O pagamento abaixo do permitido pode representar descumprimento das normas trabalhistas.

⚠️ Atenção: o salário do aprendiz deve aparecer corretamente no contrato e no registro profissional. Sempre confira as informações antes de assinar.


Jovem Aprendiz pode trabalhar à noite?

O trabalho noturno para o Jovem Aprendiz possui restrições importantes, principalmente quando o aprendiz ainda é menor de idade. A legislação busca proteger o adolescente e garantir que a atividade profissional não prejudique sua saúde, seus estudos e sua formação.

O horário de trabalho do Jovem Aprendiz deve respeitar sua idade, sua rotina escolar e as regras do contrato de aprendizagem.

Jovem Aprendiz menor de 18 anos pode trabalhar à noite?

Não. O aprendiz menor de 18 anos não pode realizar trabalho noturno, pois a legislação proíbe o trabalho noturno de menores de idade. A regra está prevista no artigo 404 da CLT.

Para fins trabalhistas, considera-se trabalho noturno urbano aquele realizado entre 22h e 5h do dia seguinte.

Essa proteção busca evitar prejuízos ao descanso, à saúde, ao desenvolvimento e à frequência escolar do adolescente.

Jovem Aprendiz maior de 18 anos pode trabalhar à noite?

O aprendiz que já completou 18 anos pode estar sujeito às regras gerais aplicáveis ao trabalho noturno, desde que a jornada esteja de acordo com o contrato de aprendizagem e com a legislação trabalhista.

A empresa também deve garantir que as atividades continuem compatíveis com a finalidade de formação profissional do contrato.

Idade do aprendiz Trabalho noturno
Menor de 18 anos Não permitido
Maior de 18 anos Pode depender das regras aplicáveis

A empresa pode mudar o horário do aprendiz?

A empresa deve organizar a jornada conforme o contrato de aprendizagem e não pode alterar os horários de forma que prejudique os estudos ou ultrapasse os limites legais.

Mudanças frequentes de horário devem ser avaliadas para garantir que o objetivo do programa continue sendo a capacitação profissional.

Importante: o contrato de aprendizagem deve equilibrar trabalho e formação. O jovem não deve ter sua educação prejudicada por causa da atividade profissional.

O que fazer se o aprendiz for obrigado a trabalhar à noite?
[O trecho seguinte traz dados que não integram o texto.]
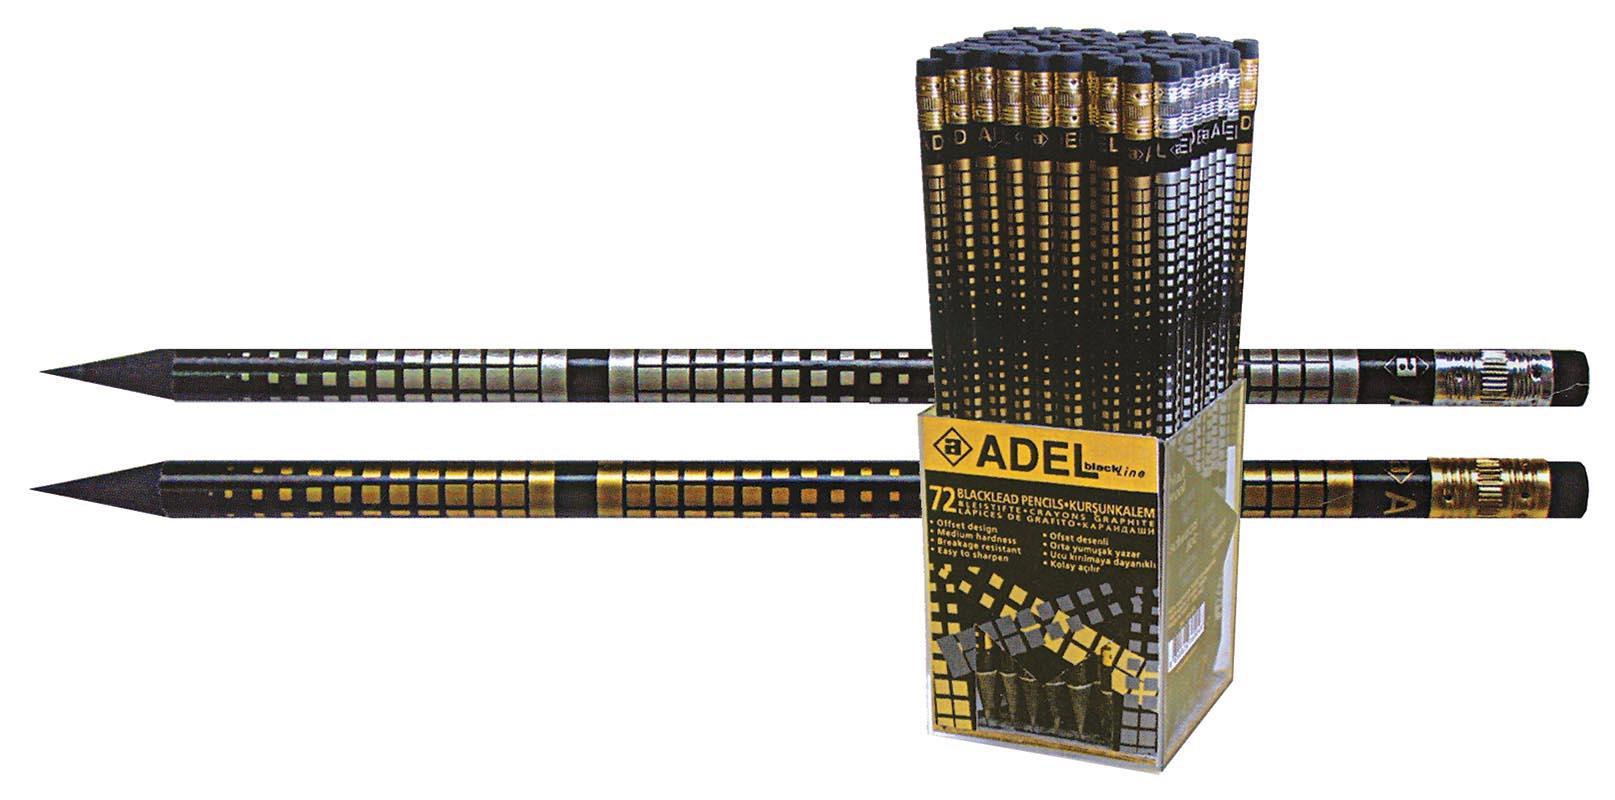 Adel Adel μολύβι με σβήστρα Net χρυσό & ασημί 21695---03-2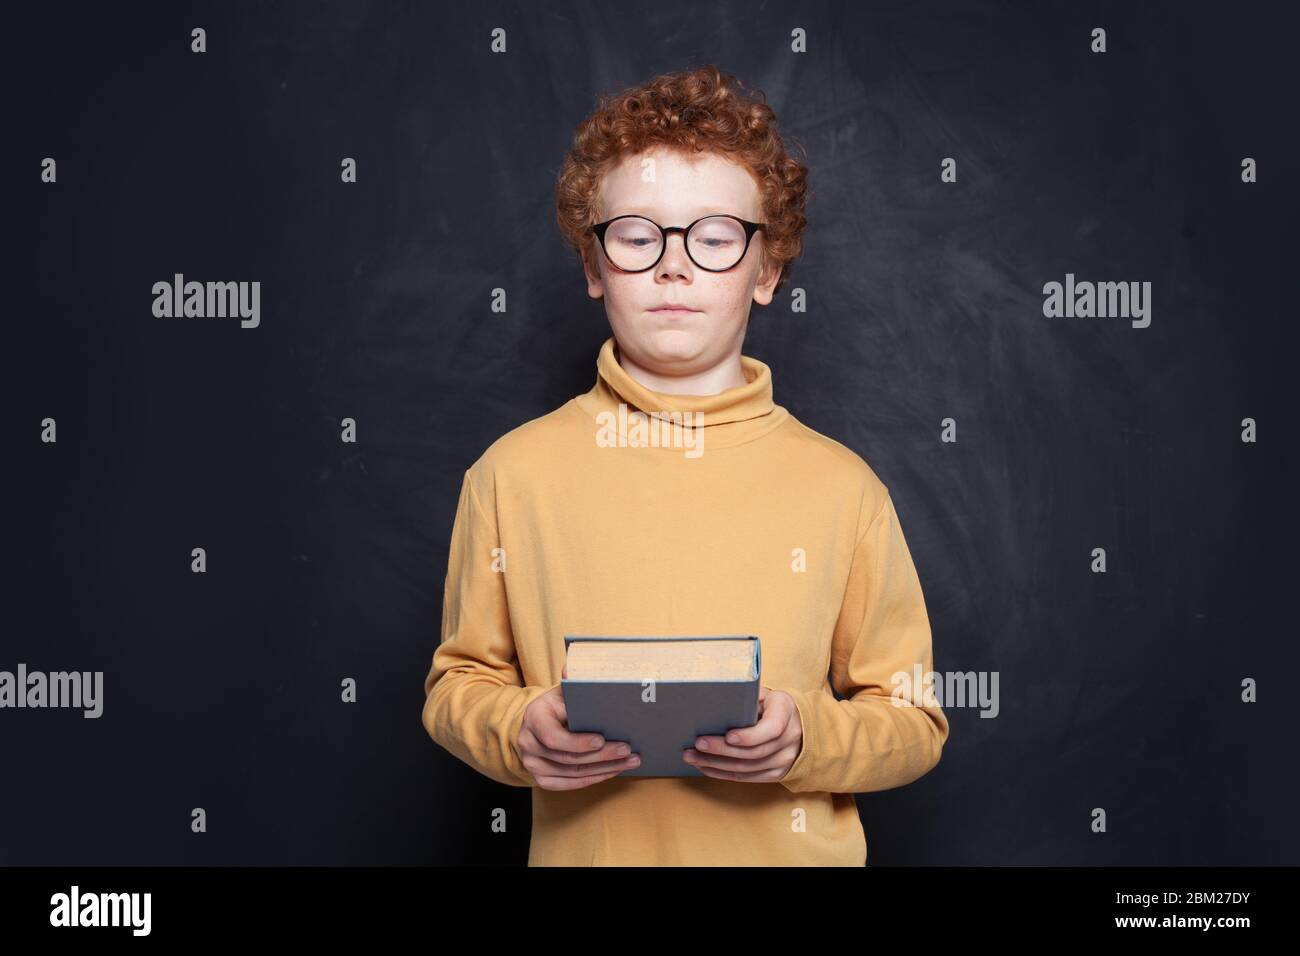 Kid looking at book on school blackboard background Stock Photo

Caso a empresa exija uma jornada noturna irregular, o aprendiz pode buscar orientação com:

  • a entidade responsável pelo curso de aprendizagem;
  • responsáveis pelo acompanhamento do programa;
  • órgãos de fiscalização trabalhista.

⚠️ Atenção: o Jovem Aprendiz não deve ser colocado em uma rotina que prejudique seus estudos, descanso ou desenvolvimento profissional.